When enough time has passed after queries have executed, open the Azure portal, select SQL databases in the navigation pane, click the database to analyze, and then select Query Performance Insight in the Support + Troubleshooting category. The Query Performance Insight blade includes the following three tabs:
Resource consuming queries
Long running queries
Custom
The Resource Consuming Queries tab lists the queries consuming the most resources for the last 24 hours. The top of this section shows a line chart that by default shows the percentage of CPU over time consumed by various queries, as shown in Figure 4-32, although the values for the individual queries are too low to see clearly on the chart. You can click Data IO or Log IO in the top left section to review the relative resource consumption for these resources instead of CPU.

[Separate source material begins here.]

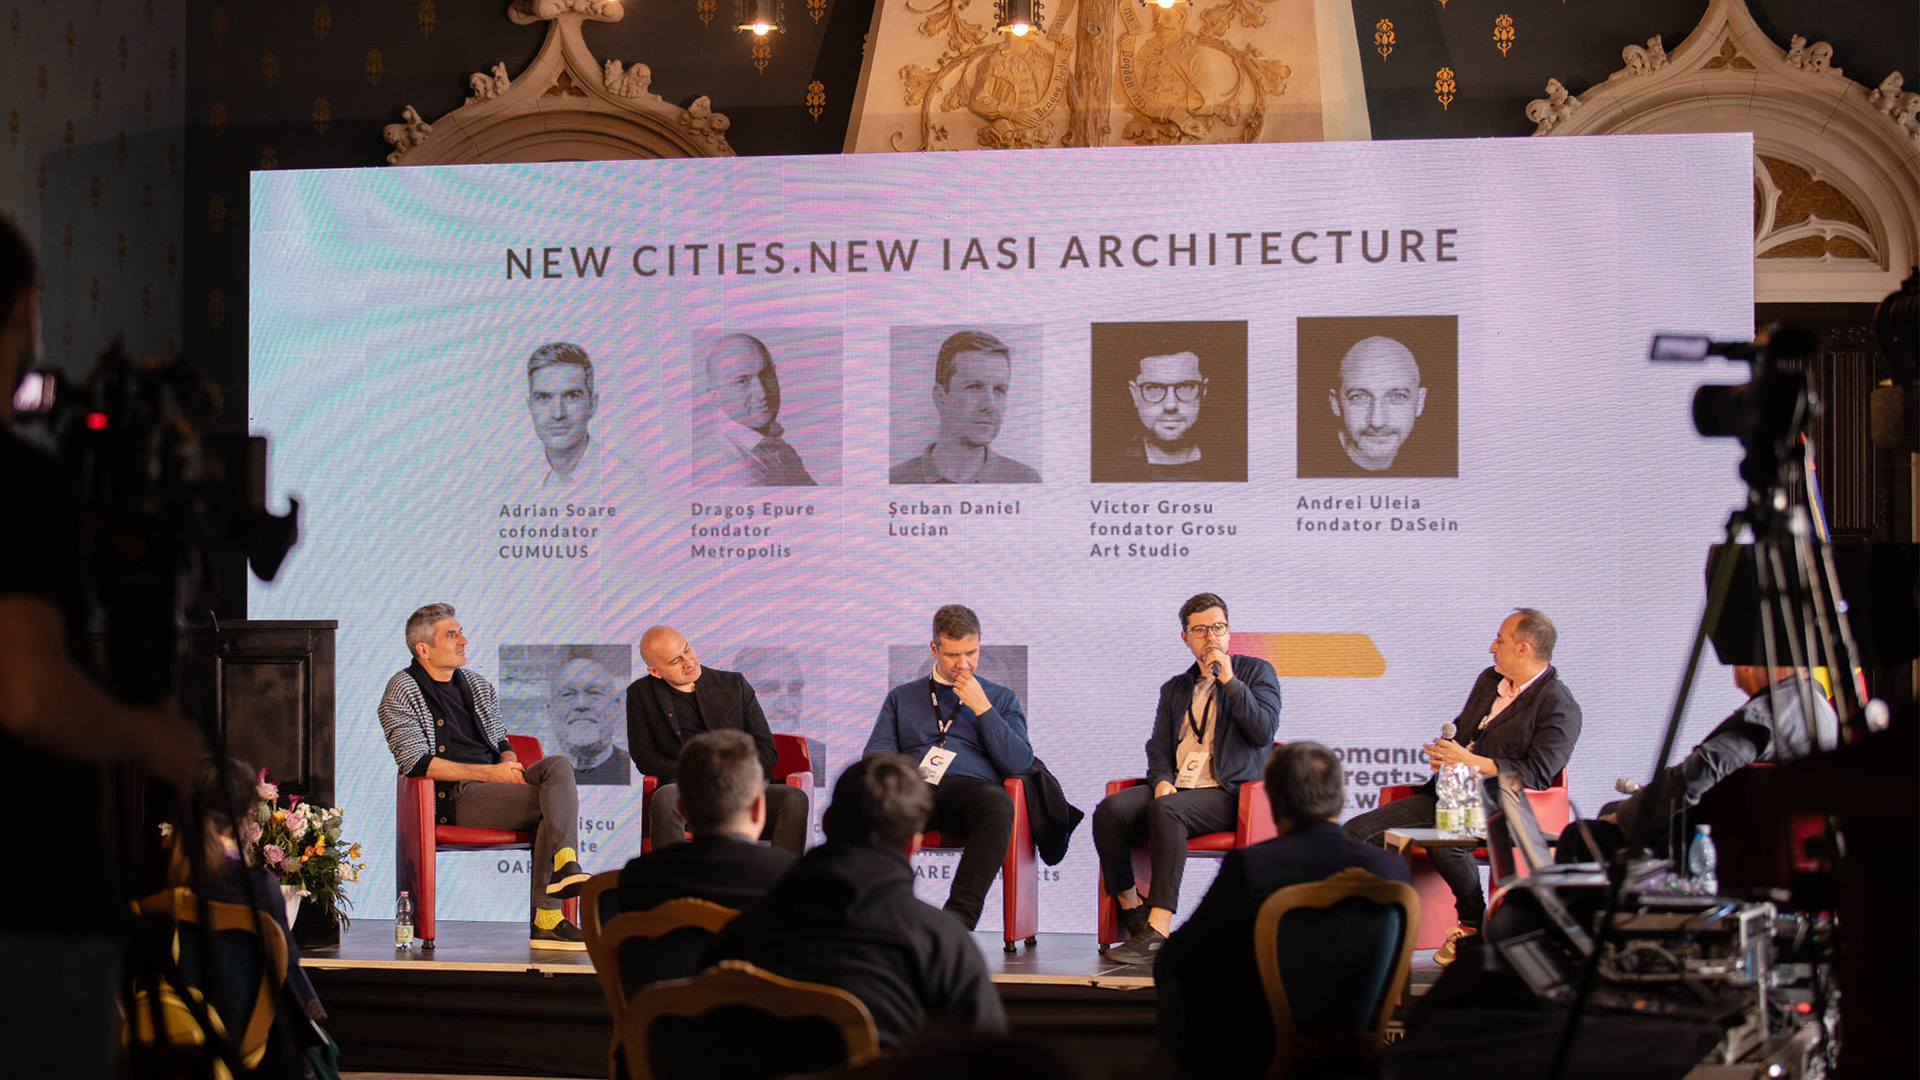 New Cities. New Iasi Architecture image

This chart has many interactive features. For example, you can click on the red line on the chart to show the overall Database Throughput Unit (DTU) values, as shown in Figure 4-33. A DTU is a single metric to represent CPU, memory, and IO thresholds. You can also change the basis for determining the top five queries from CPU as shown to Data IO or Log IO by clicking the respective filter labels in the top left of the chart. Another option is to zoom in on a period of time by using the sliders (as indicated by the triangles along the horizontal axis of the chart) to increase or decrease the period of time to view in the chart.
When you scroll down this page, you can view the average CPU, Data IO, Log IO, duration, and execution count for the top 5 queries for a table, as shown in Figure 4-34.
When you click a query in this list, you can view its related details in a set of charts, as shown in Figure 4-35.
Below the charts, a table of time intervals displays the metrics, duration, and execution count for the selected query, as shown in Figure 4-36.
The Long Running Queries tab, shown in Figure 4-37, shows the top queries based on duration that have executed on the SQL Database during the past 24 hours. The top of the page shows a chart of each query’s duration by execution time and the bottom of the page shows a table of the key performance metrics for each query. You can use this information to find queries that might require tuning.
You can also optionally configure a custom view by selecting the Custom tab and then selecting values in each of the following drop-down lists:
Metric type Select one of the following metrics by which to determine top queries: CPU, Data IO, Log IO, Duration, or Execution Count.
Time interval Select one of the following time intervals to set as boundaries for selecting top queries: last 6 hours, 24 hours, past week, past month, and a custom range.
Number of queries Select one of the following numbers to use when selecting top queries: 5, 10, or 20.
Aggregate function Select one of the following aggregate functions to use when aggregating metric values: Sum, Max, or Avg.